To η = 1, the condition Q2 = 0, ie, heat engine should have one heat source Q1, but this contradicts the second law of thermodynamics.

The reverse process is happening in the heat engine is used in the refrigeration machine.

The thermostat with temperature Т2 deducted the amount of heat Q2 transferred to the thermostat and the temperature T1, the amount of heat Q1.
Q = Q2 - Q1 < 0 so A < 0.

Without doing the work can not take away the heat from a hot body, and at least give it a warmer.
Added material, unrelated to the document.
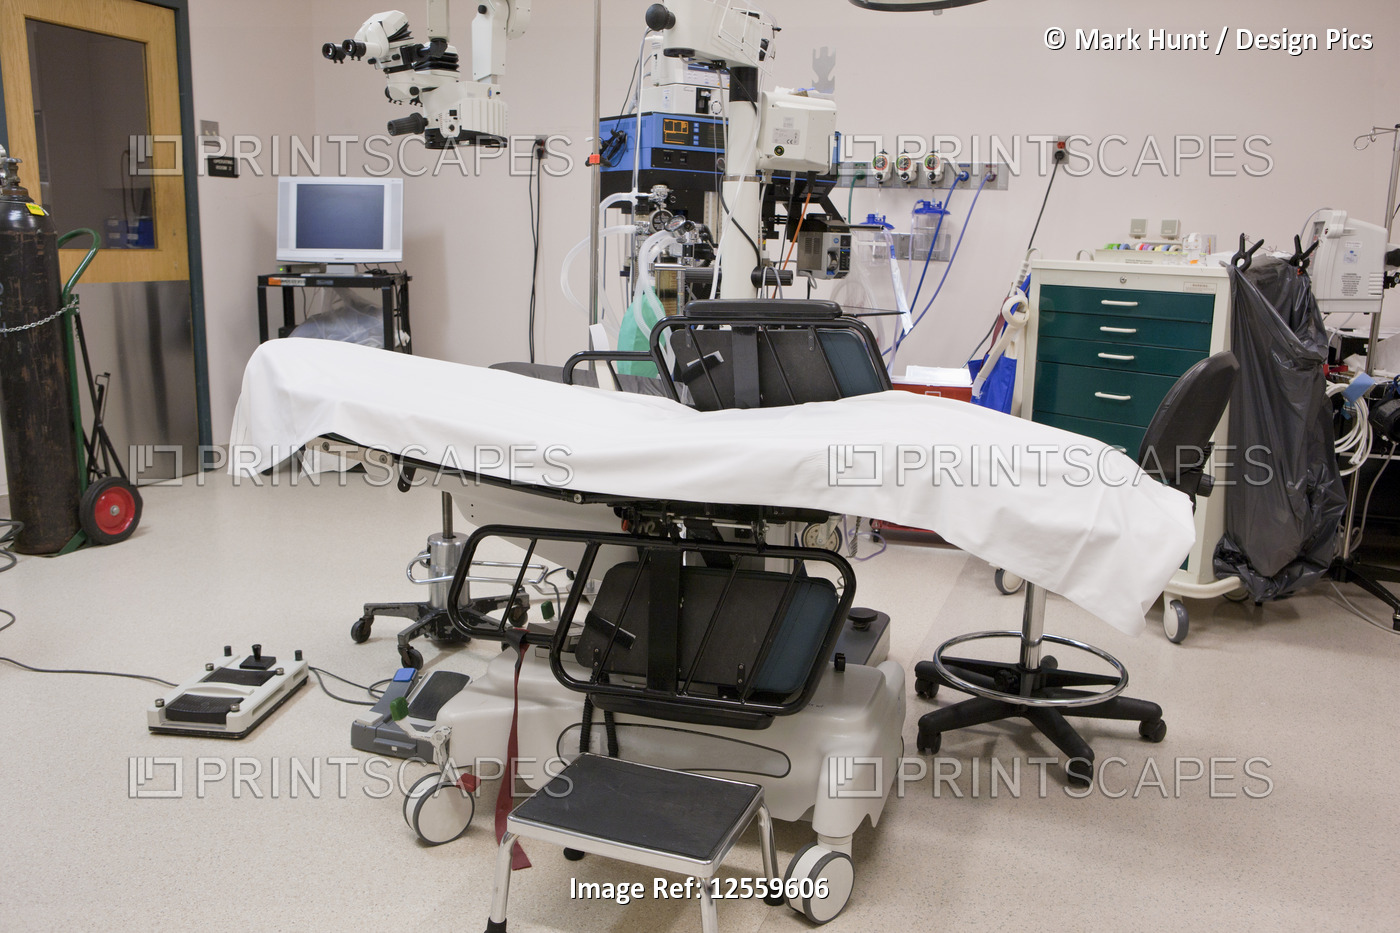 Interiors of an operating room

Based on the second law of thermodynamics, Carnot led theorem.
Carnot's theorem: From time to time all heat engines operating with the same heater temperature (T1) and refrigerators (T2), the highest efficiency have a reversible machine. Efficiency reversible machine with equal T1 and T2 are equal and do not depend on the nature of the working fluid.

Working body - the body to make circular process to exchange energy to other bodies.
Carnot cycle - the most economical reversible cycle consisting of 2 isotherms and 2 adiabats.

1-2-isothermal expansion at T1 heater, gas is supplied to the heat Q1 and work is done

2 - 3 - adiabats. expansion, the gas does work A2-3 > 0 on external bodies.

3 - 4-isothermal compression at T2 refrigerator, heat is taken Q2 and work is done

 

4-1-adiabatic compression work is done on the gas A4-1 < 0 external bodies.
An isothermal process U = const, so
Q1 = A12

Adiabatic expansion Q2-3 = 0, and the work done A23 gas by the internal energy A23 = -U

The amount of heat Q2, uploaded from gas to refrigerator at isothermal compression equal to the work of compression А3-4

The work of the adiabatic compression

The work performed by a circular process

 

and equal to the area of ??the curve 1-2-3-4-1.

Thermal efficiency Carnot cycle

From the equation for adiabatic processes 2-3 and 3-4 we obtain

then

 

 

ie efficiency Carnot cycle is determined only by the temperature heater and refrigerator. To increase the efficiency necessary to increase the difference Т1 - Т2.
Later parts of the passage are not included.